The photo is obviously photo shopped and fake people.

From all of my studies, none of these aircraft were ever completed and flew. The Russians however did use the designs to design the Il-22.


----------



## Maximowitz (May 24, 2009)

Anybody fancy a thread about the Nazi Haunebu I Flying Saucer?

It's ok, I was only joking honest!


----------



## johnbr (May 24, 2009)

I did see a book on Hienkel many years ago that had a photo of the he 343.In it they said it was the only now en photo of it.


----------



## HealzDevo (May 25, 2009)

I don't, all I am saying is that I wouldn't be surprised if Himmler was able to build two He-343s for his own testing. This guy was pretty powerful! Also he may have the plans and info copied. Surely you don't expect me to believe that all the information would be kept in one place when there is large scale bombing going on! I just find it startling that is all how the Ilyushin Il-22 and the Martin Baker Canberra are almost identical in external shape while other aircraft are so different.


----------



## FLYBOYJ (May 25, 2009)

HealzDevo said:


> Surely you don't expect me to believe that all the information would be kept in one place when there is large scale bombing going on! I just find it startling that is all how the Ilyushin Il-22 and the Martin Baker Canberra are almost identical in external shape while other aircraft are so different.


Well ya better start believing it pal. The Il-22 connection is evident, but not the Canberra. BTW it was English Electric that first built the aircraft, not Martin Baker.

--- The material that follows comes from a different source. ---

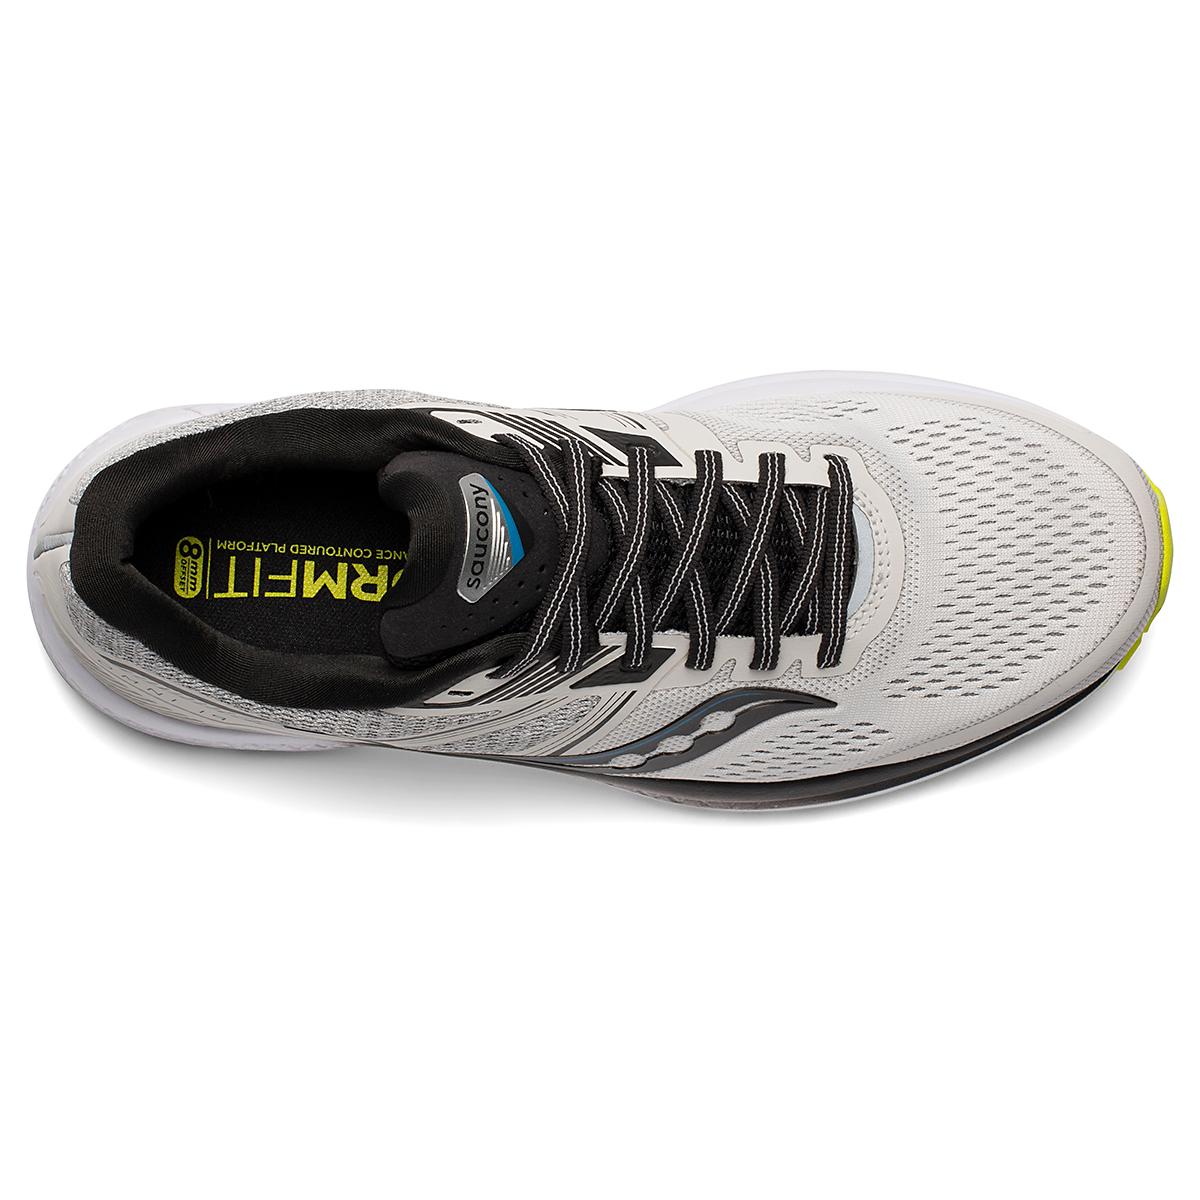 Men's Saucony Omni 19 Running Shoe - Color: Fog/Citrus - Size: 7 - Width: Regular, Fog/Citrus, large, image 4

The Canberra program started in 1944 and the initial contract signed in 1945.

Himmiler had more important things to worry about.



HealzDevo said:


> The US finished it and this is what underwent testing in Dryden Testing Centre USA. Another one was secretly found by the USSR that was nowhere near complete. However, Russia may.


Ok - WHO from the US "completed" this aircraft???? Again the picture was photo shopped. I think the original photo showed a P-59 taking off. Healz, you have a great imagination.


----------



## johnbr (Jun 2, 2019)

There was one built a lot of years a go I so a photo of it in a hanger.


----------



## johnbr (Jun 2, 2019)




----------



## DerAdlerIstGelandet (Jun 2, 2019)

No 343’s were built in the US or Soviet Union. The Soviets used the design in the Il-22, but it was influenced only.


----------